- Type: National
- Location: County Laois
- Coordinates: 52°52′12″N 7°30′07″W﻿ / ﻿52.87°N 7.502°W
- Area: 120 acres (48.56 ha)
- Operator: National Parks and Wildlife Service (Ireland)
- Status: Open all year

= Grantstown Wood and Grantstown Lough =

Irish national nature reserve

Grantstown Wood and Grantstown Lough is a national nature reserve of approximately 120 acre located in County Laois, Ireland. It is managed by the Irish National Parks & Wildlife Service.

==Features==
Grantstown Wood and Grantstown Lough, sometimes written Granston, was legally protected as a national nature reserve by the Irish government in 1982. It is very close to another nature reserve, Coolacurragh Wood.
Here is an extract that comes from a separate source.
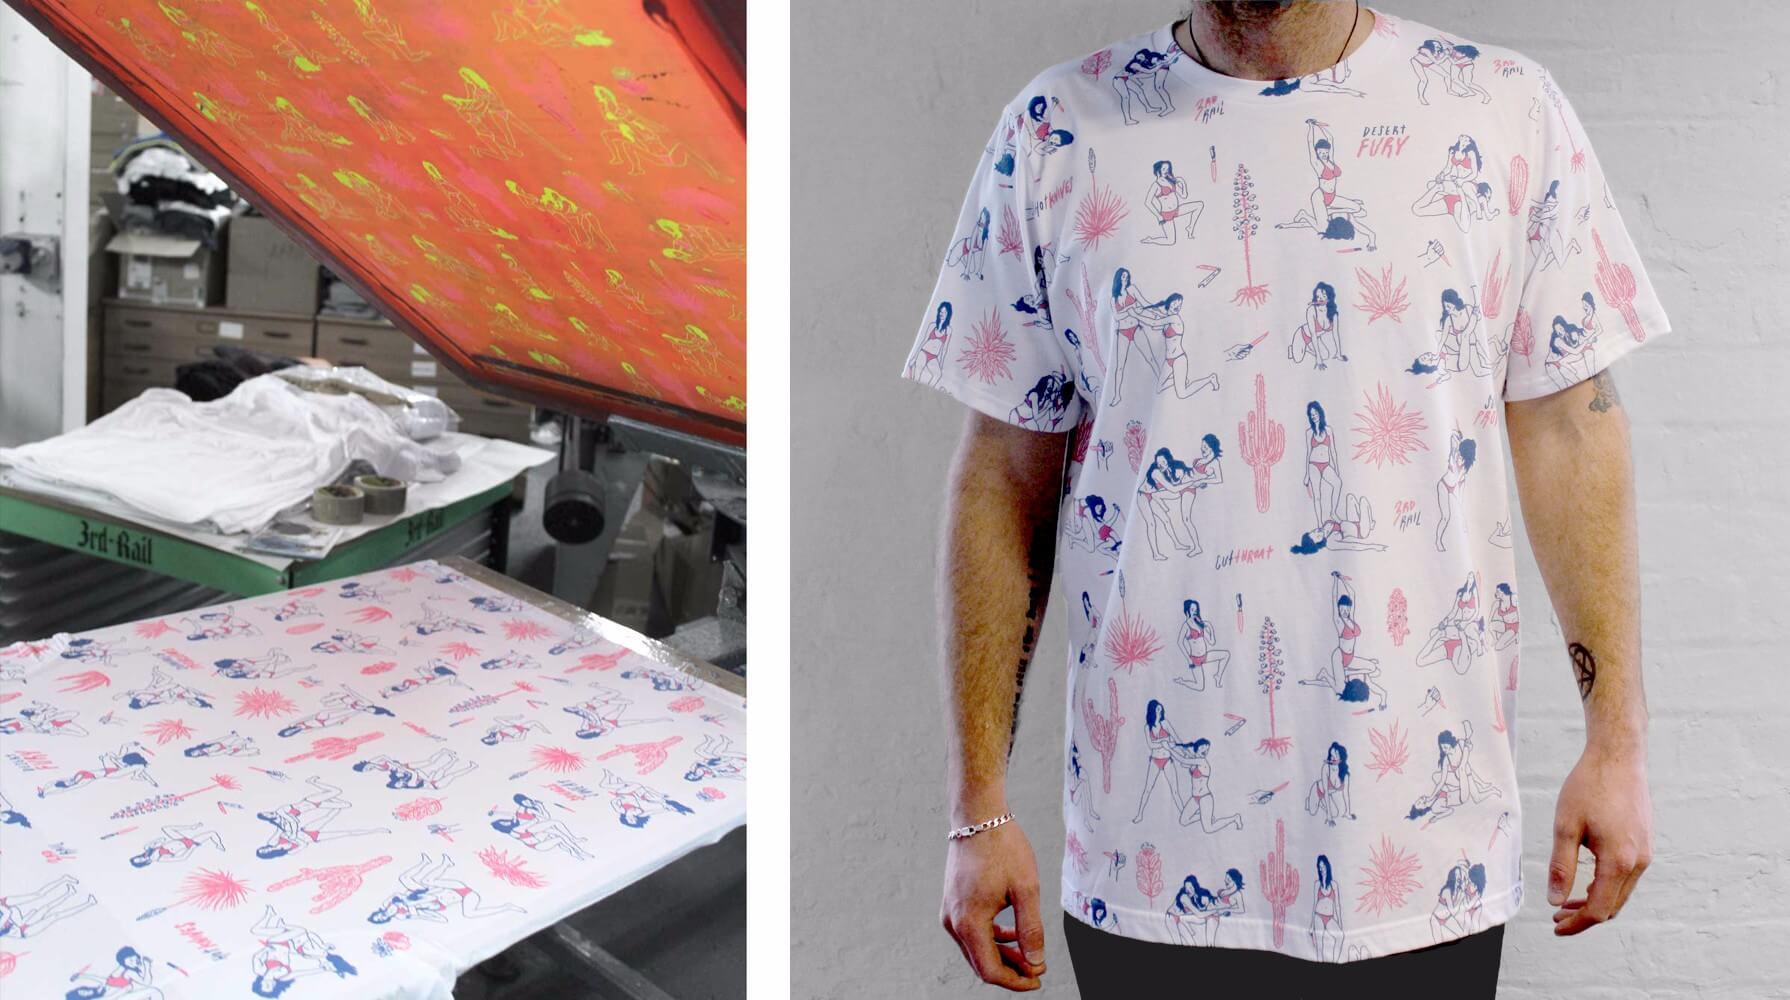 Sean Morris x 3rd Rail for Pick Me Up t-shirts.

The area was formerly the demesne of Grantstown Manor.

Grantstown Wood is a wet woodland, with rich base soils. The woodland is predominantly ash, alder and birch, with an under planting of hawthorn, meadowsweet, nettle and brambles. The lough has infilled gradually with fen to alder carr. The reserve also has a lake which provides fish for otters, kingfishers and cormorants. Perch, pike, eel, rudd and tench fish are found in the lake.

The site has two looped walks, a Lake Walk and a Wood Walk.